Three months later, support tickets started referencing bad AI answers. A customer was told the return window was thirty days. Another got a troubleshooting procedure that did not match their firmware version. The team's first instinct: the model must be degrading. They started evaluating newer, more expensive models.

The root cause was not the model. TechNova's return policy had changed from thirty days to fifteen days after launch, but the ingestion pipeline had not been re-run. The old chunks were still in the index. The retriever was faithfully returning outdated content. The model was faithfully generating from it. Both were doing their jobs. The data between them was stale.

This is the failure that evaluation exists to catch. Not "is the model good enough?" but "is the system returning the right answers, and if not, which part is wrong?"

Two failures can produce the same wrong answer. The retriever can return the wrong chunks, or the model can mishandle the right ones. To the user, both look identical — a confidently incorrect response. They are not the same problem and they do not have the same fix.
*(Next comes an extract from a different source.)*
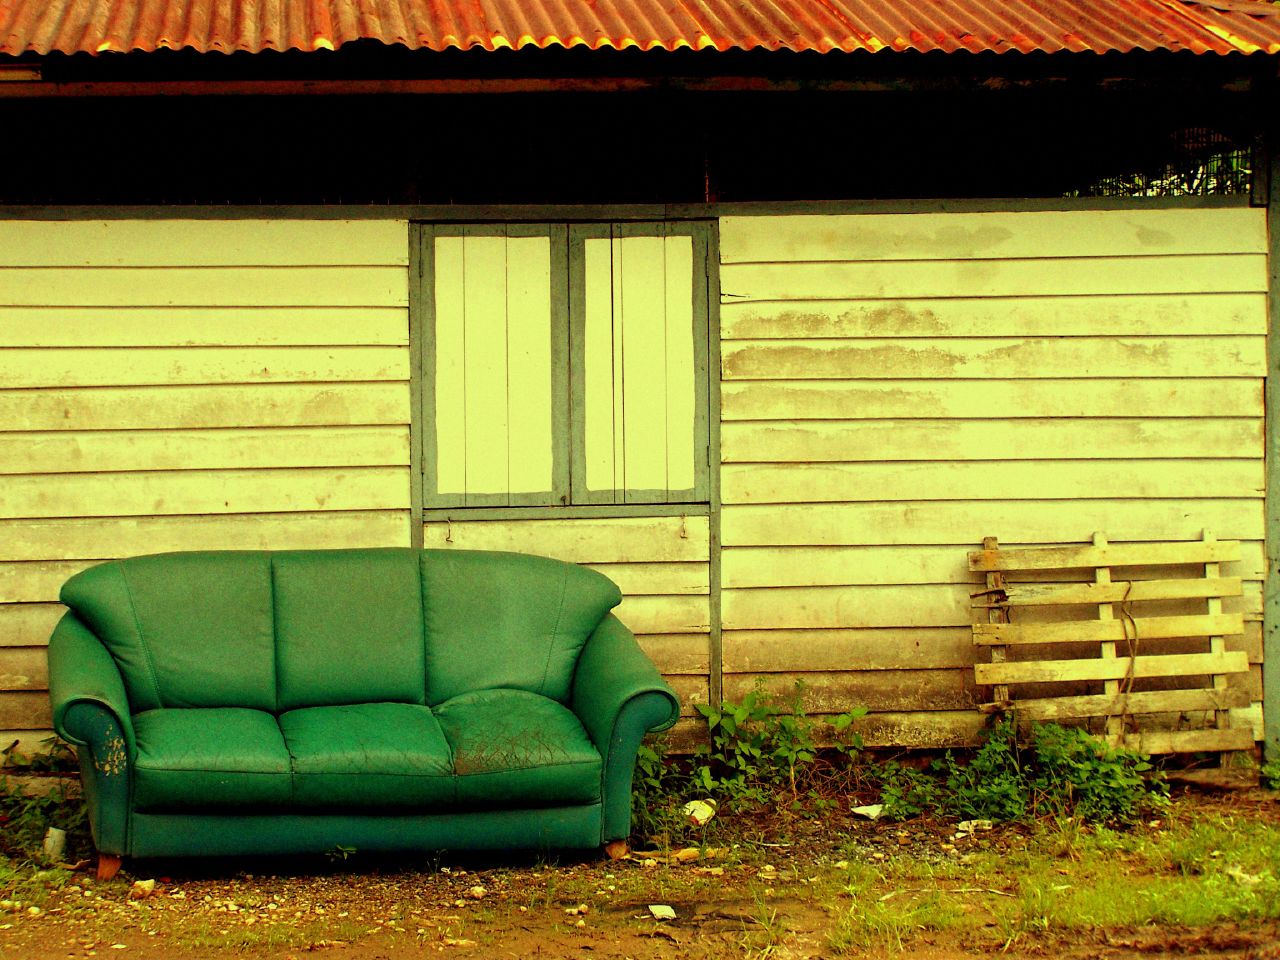 the house has an old green couch in front

The rest of this article separates them, because every useful debugging habit in RAG starts with knowing which one you are looking at.

Retrieval Metrics

Retrieval metrics answer one question: did the retriever return the right content? These metrics evaluate what happened before the model saw anything.

Context Precision

Of the chunks you retrieved, how many were actually relevant to the question? If you retrieve five chunks and three are useful, precision is 60%. The other two are noise — irrelevant content that the model has to read, reason about, and hopefully ignore. High noise means the retriever is casting too wide. The fix is usually in chunking (smaller, more focused chunks) or retrieval approach (adding reranking — a second pass that re-orders the retrieved chunks — or switching to hybrid search).

Context Recall

Of all the relevant content in your knowledge base, how much did you retrieve? If the correct answer requires information from two chunks and the retriever found both, recall is 100%. If it found only one, recall is 50% and the model is generating from incomplete information. Low recall means you are missing signal — the right content exists but the retriever did not find it. The fix is usually increasing the number of chunks retrieved (top_k), improving the embedding model, or adding query expansion — approaches that widen what the retriever finds.

Mean Reciprocal Rank

Was the best chunk ranked first? If the most relevant chunk is at position 1, MRR is 1.0. If it is at position 3, MRR is 0.33. This matters because many systems use only the top 1–3 chunks for prompt assembly. If the best chunk is consistently at position 4 or 5, it never reaches the model. And even when a low-ranked chunk does make it into the prompt, the model is more likely to overlook it — deeper positions in long contexts are easier for the model to miss, the "Lost in the Middle" effect. Low MRR is a signal that reranking would help — the retriever finds the right content but does not rank it well enough.

Generation Metrics

Generation metrics answer a different question: did the model use the retrieved context correctly? These metrics only make sense after you have confirmed that retrieval is working. If the retriever returned the wrong chunks, generation metrics tell you nothing useful.

A note on what not to use. BLEU and ROUGE — common metrics for comparing generated text to a reference answer — are the wrong tool for RAG. They measure surface overlap with a reference answer, which works for translation and summarization, where a single correct output exists. RAG has no single correct answer; it has a correct answer for the retrieved context. A faithful, relevant response can score poorly on BLEU if its wording differs from the reference, and a plausible-sounding hallucination can score well. The three metrics below measure what actually matters: did the model stick to the retrieved context, did it answer the question, and did it cover what the context supports.

Faithfulness

Did the model stick to the retrieved context, or did it add facts that were not in any chunk? A faithful answer draws only from the provided context. An unfaithful answer introduces information the model pulled from its training data — which may be outdated or wrong. This is the RAG-specific version of hallucination: the model was given the right context but generated beyond it.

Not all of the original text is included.